Let there be 2 events A and B. Given that B has occurred, what is the probability that A occurs? The conditional probability requires there to be at least 2 events and one event must have occurred. Additionally, the events cannot be disjoint. Conditional probabilities are denoted as \(P(A|B)\), the probability of A given B has occurred.

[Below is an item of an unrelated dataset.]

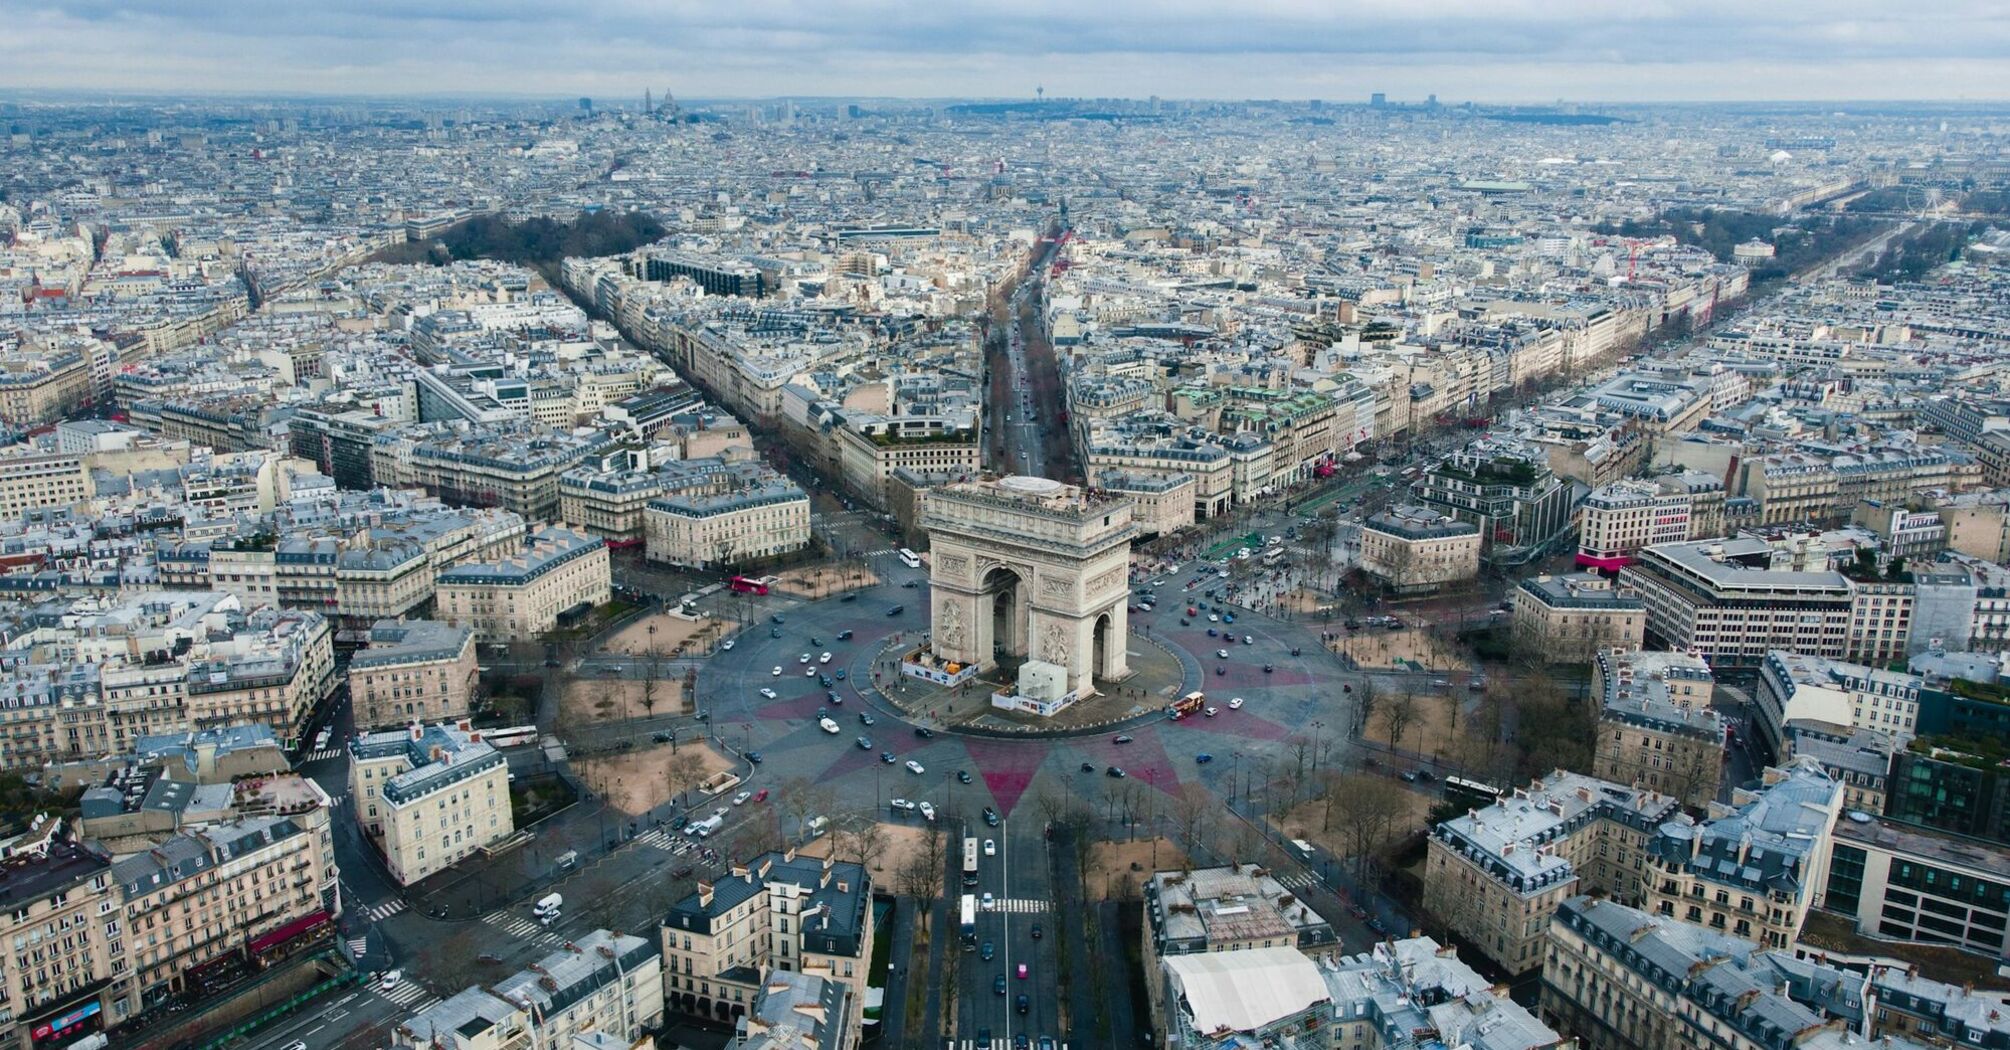 Aerial view of Paris with the Arc de Triomphe

\[ P(A|B)=\frac{P(A\cap B)}{P(B)} \]
| Uses Eye Glasses | ||
| Needs Glasses | Yes | No |
| Yes | 44 | 14 |
| No | 2 | 40 |
Find the probability of needing glasses
Find the probability of not using glasses
Find the probability of not using glasses and needing glasses
Find the probability of not using glasses, given they need glasses
Events A and B are considered independent if \(P(A\cap B)=P(A)P(B)\). In other words, The occurrence of one event will not have an effect on the occurrence of the other event.
| Uses Eye Glasses | ||
|---|---|---|
| Needs Glasses | Yes | No |
| Yes | 44 | 14 |
| No | 2 | 40 |
The law of total probability allows you to compute the probability of an event A given that the sets {\(B_1\), … , \(B_n\)} partitions event A. The law of total probability is given as
\[ P(A)= \sum^n_{i=1}P(A\cap B_i) \]
\[ P(A)=\sum^n_{i=1}P(A|B_i)P(B_i) \]
The probability of an individual having a disease, given that they test positive for the disease, is 0.82. The probability of an individual having a disease, given they tested negative, is 0.14. The probability of testing positive is 0.6. What is the prevalence of a disease (probability of having a disease)?

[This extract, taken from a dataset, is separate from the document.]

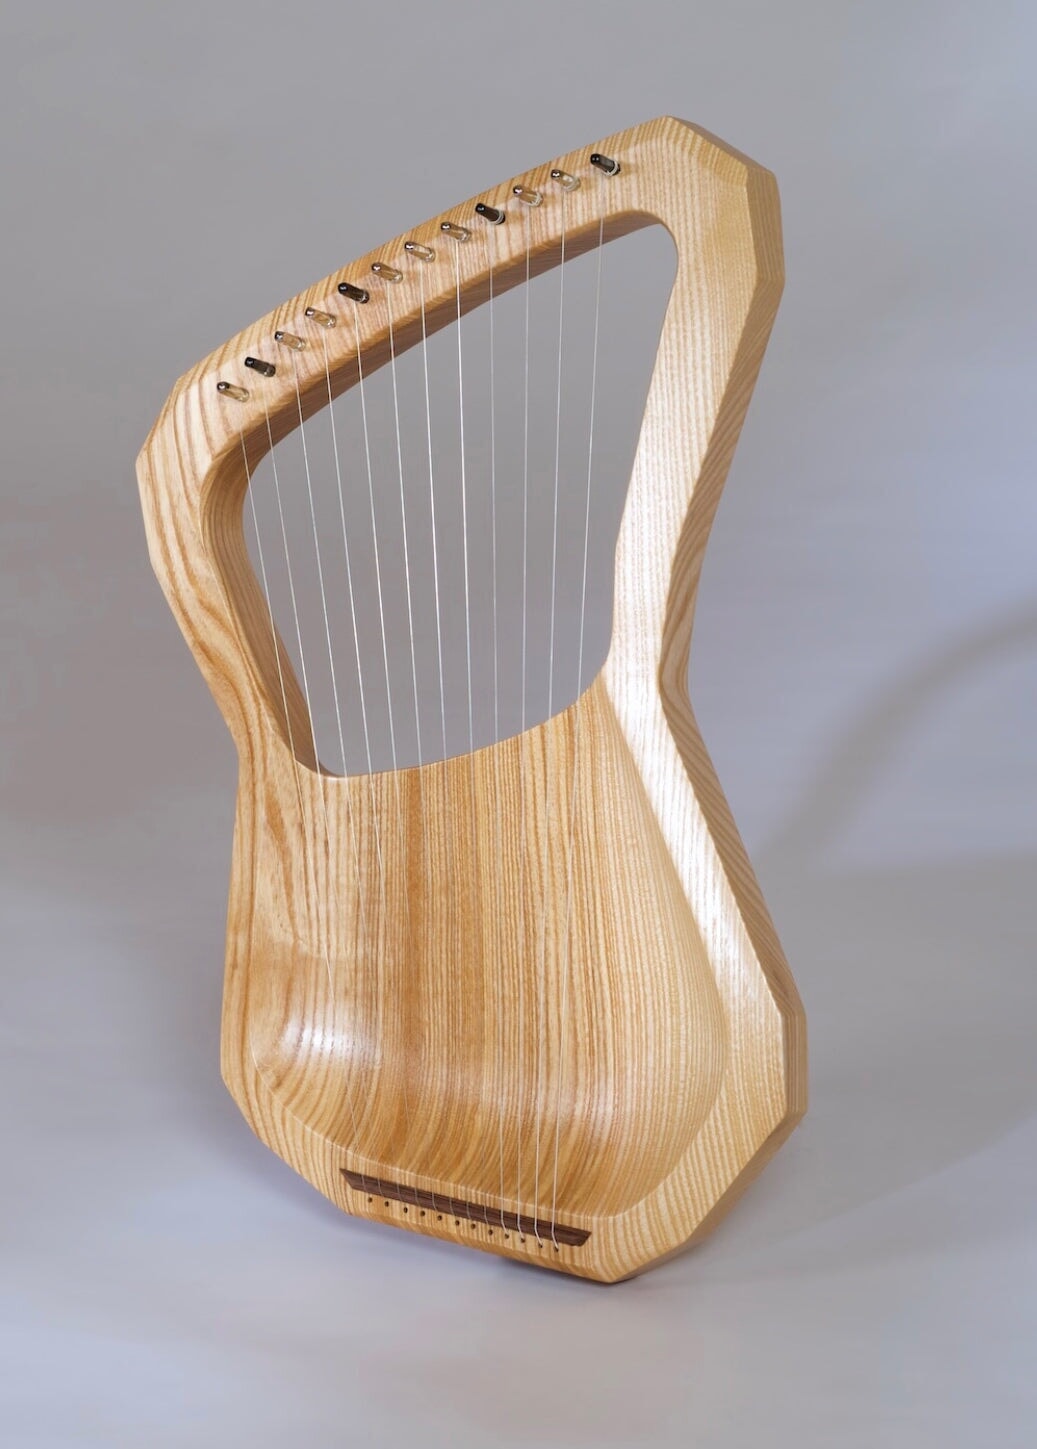 Choroi 12 String Childrens Lyre Ash Wood, Tunes to Pentatonic or Diatonic Lyre - Alder & Alouette

Baye’s theorem computes the probability of an event \(B_i\) given event A
\[ P(B_i|A) = \frac{P(A\cap B_i)}{P(A)}=\frac{P(A|B_i)P(B_i)}{\sum^n_{i=1}P(A|B_i)P(B_i)} \]
The probability of an having a disease, given that they test positive for the disease, is 0.82. The probability of and individual having a disease, given they tested negative, is 0.14. The probability of testing positive is 0.6. What is the probability of resulting in a false negative?